> Dataset section:
^^^^^^^^

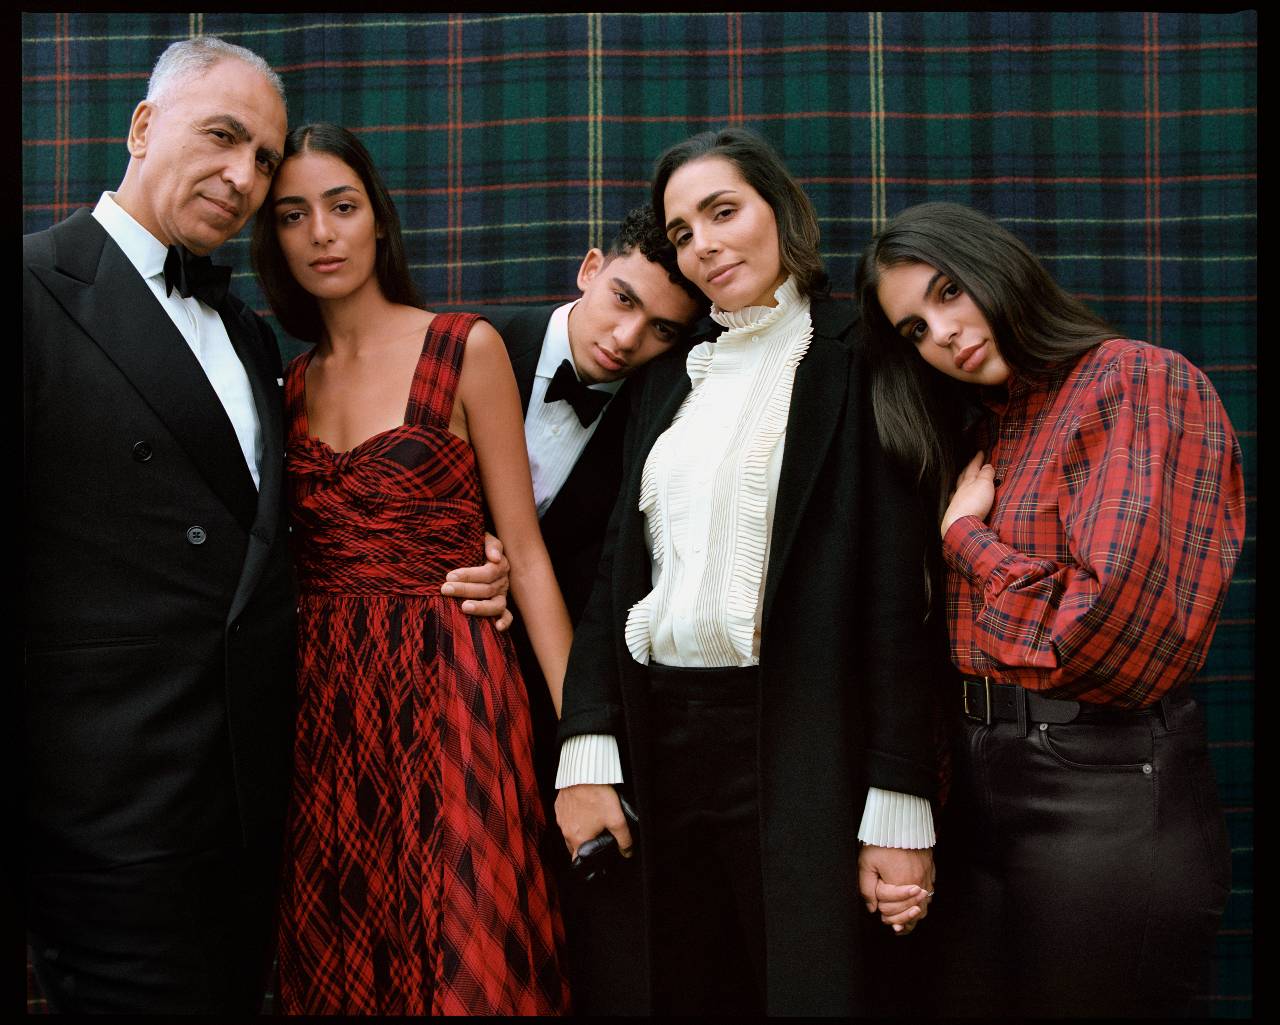 Ralph Lauren launches global holiday campaign to highlight the spirit of  togetherness - Lifestyle News
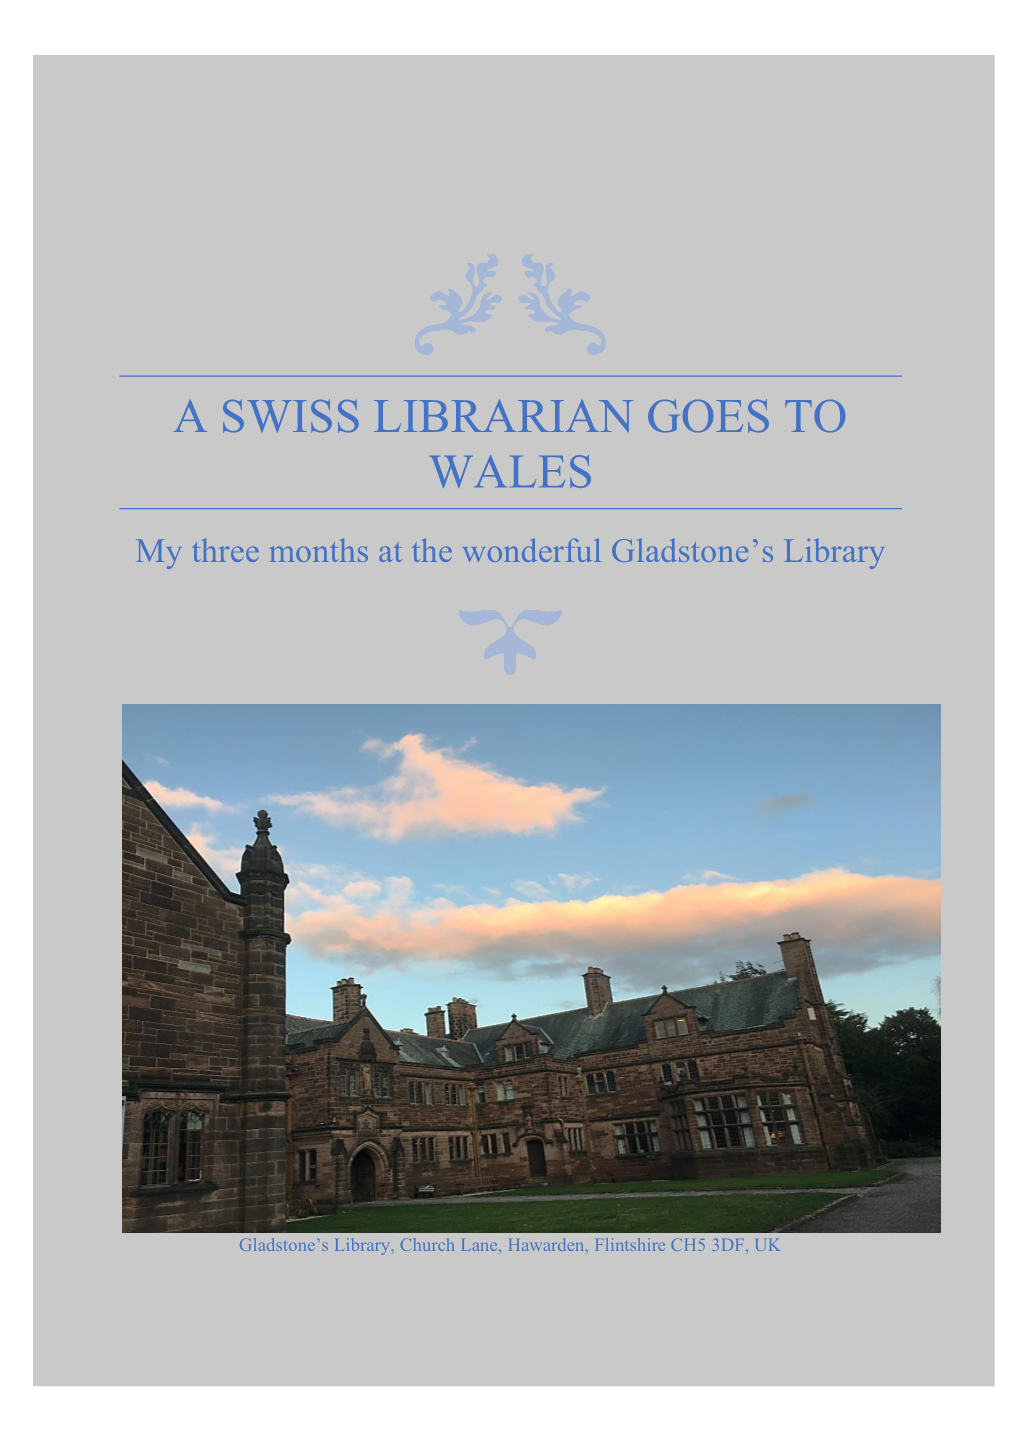 A Swiss Librarian Goes to Wales
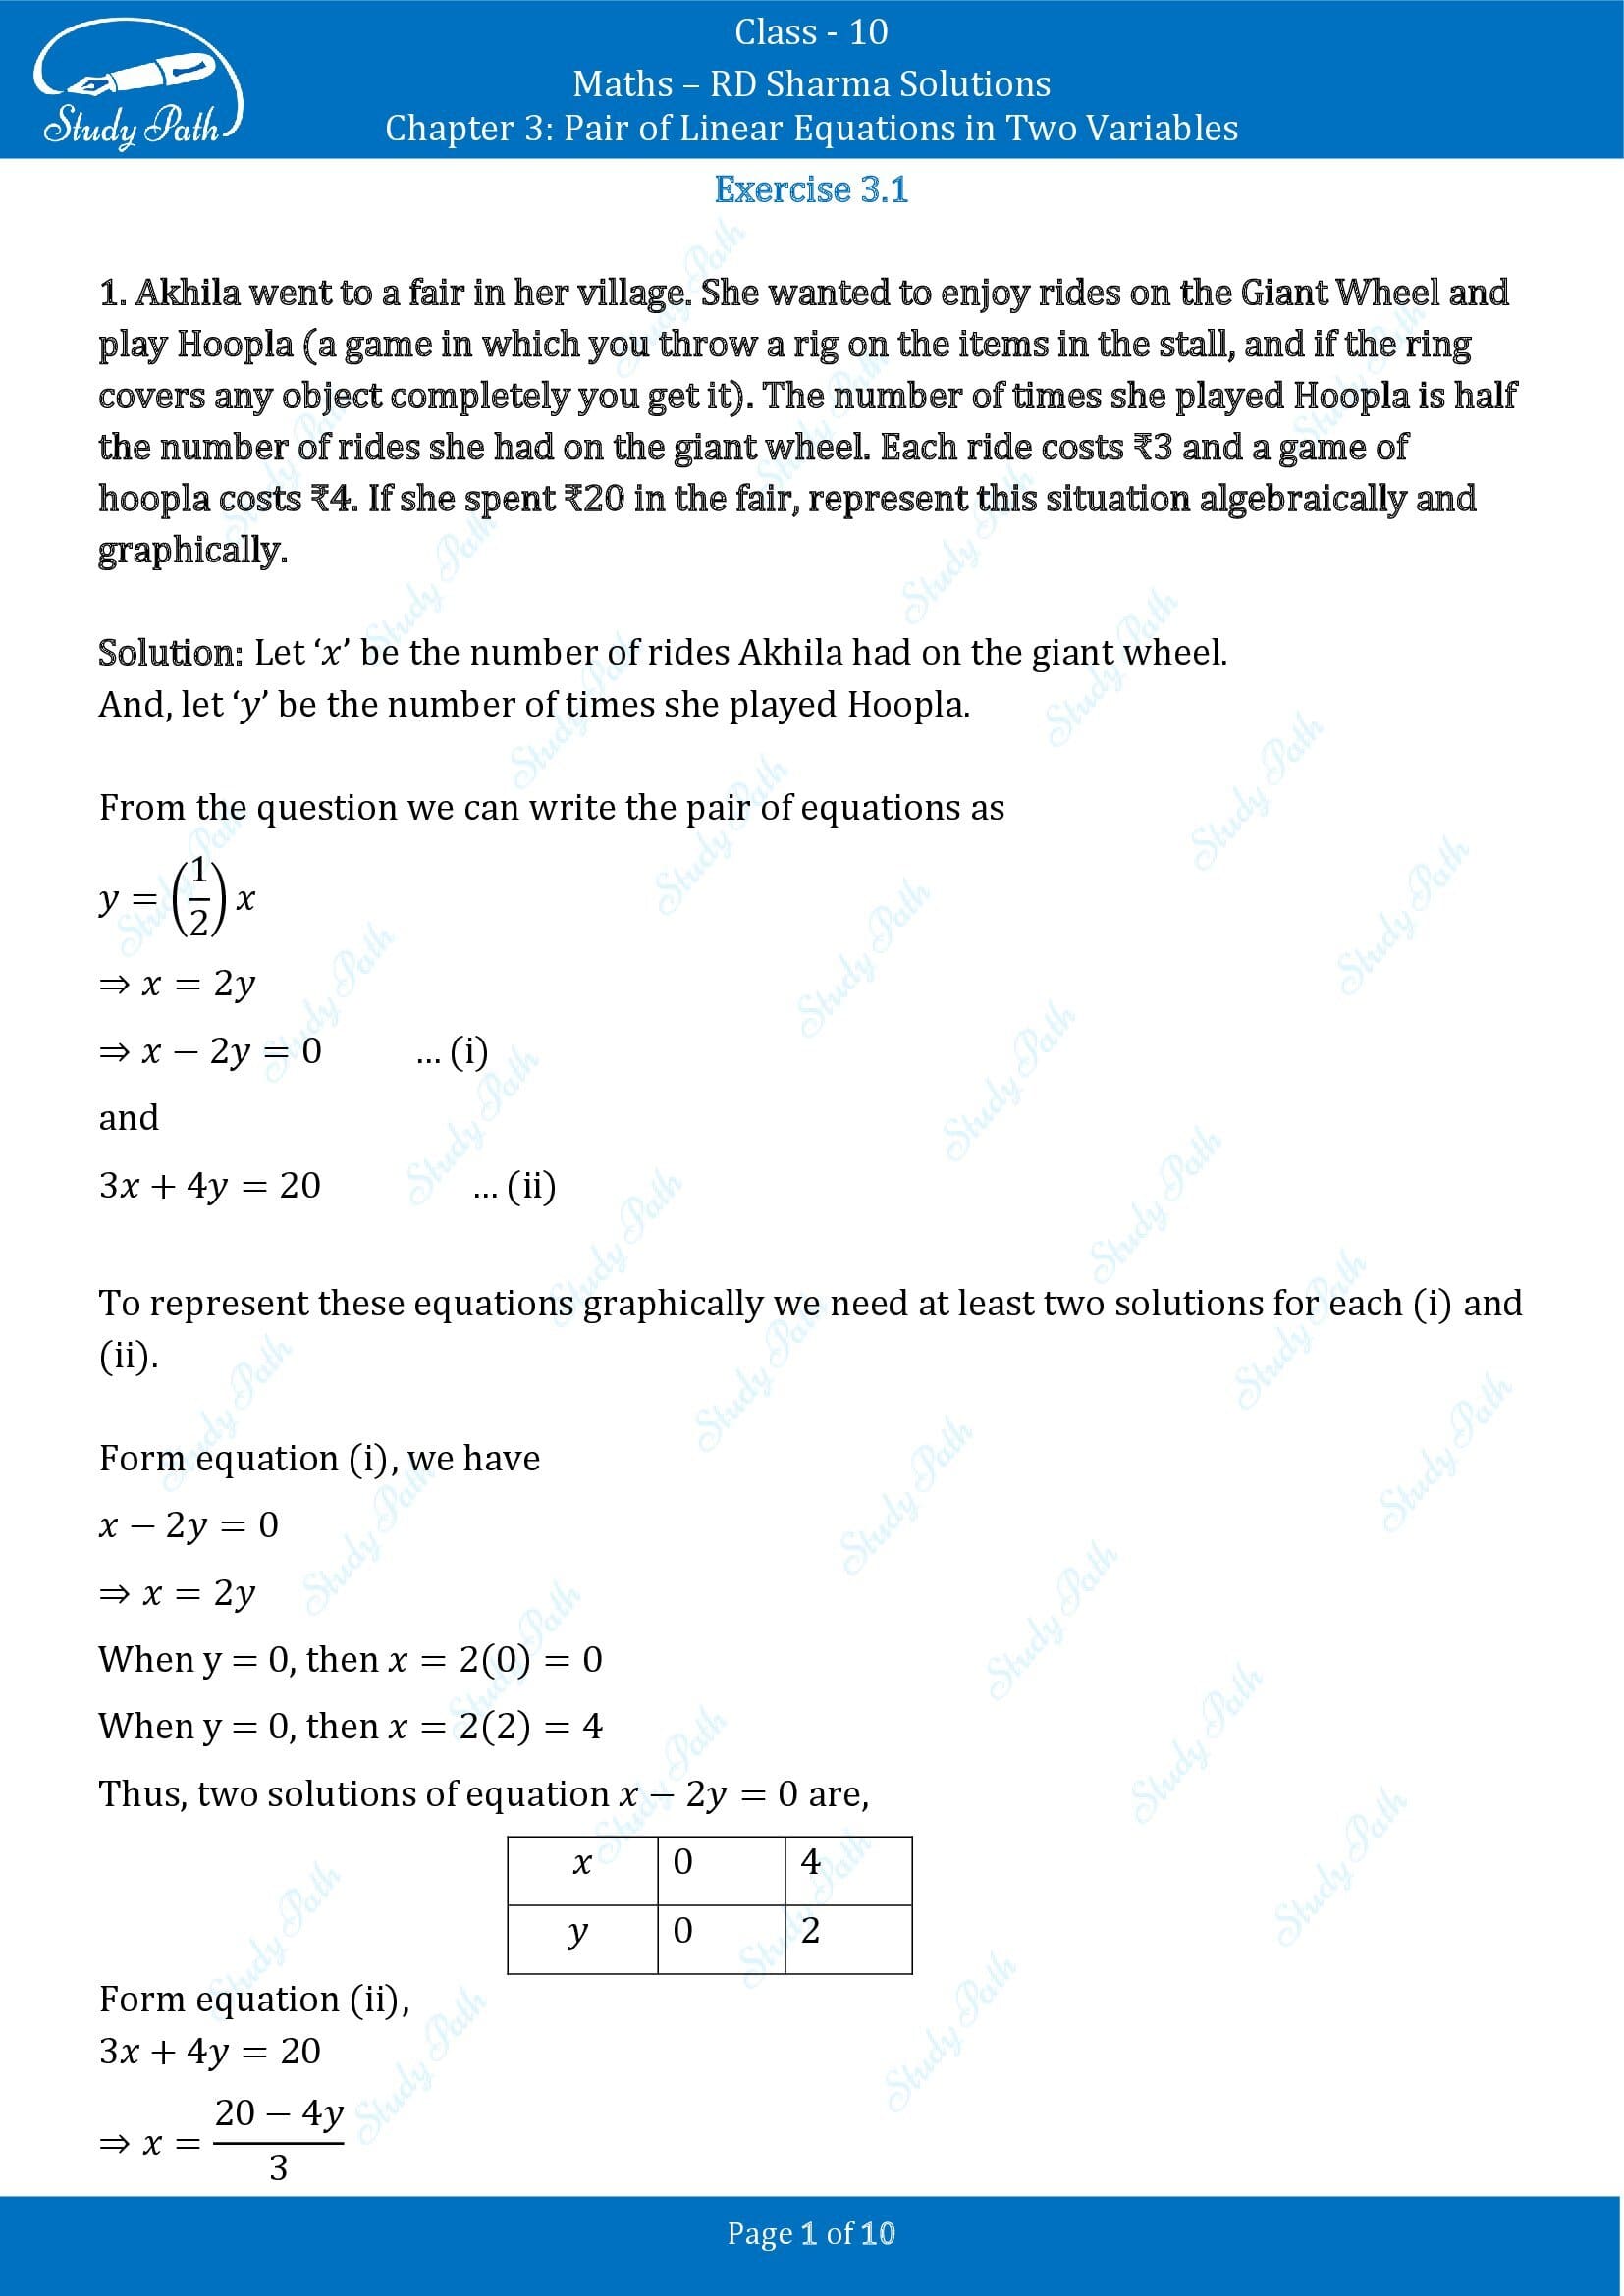 RD Sharma Solutions Class 10 Chapter 3 Pair of Linear Equations in Two Variables Exercise 3.1 00001

^^^^^^^^

Skipping any pictures, transcribe the full listing exactly.

 Ralph Lauren launches global holiday campaign to highlight the spirit of  togetherness - Lifestyle News
 A Swiss Librarian Goes to Wales
 RD Sharma Solutions Class 10 Chapter 3 Pair of Linear Equations in Two Variables Exercise 3.1 00001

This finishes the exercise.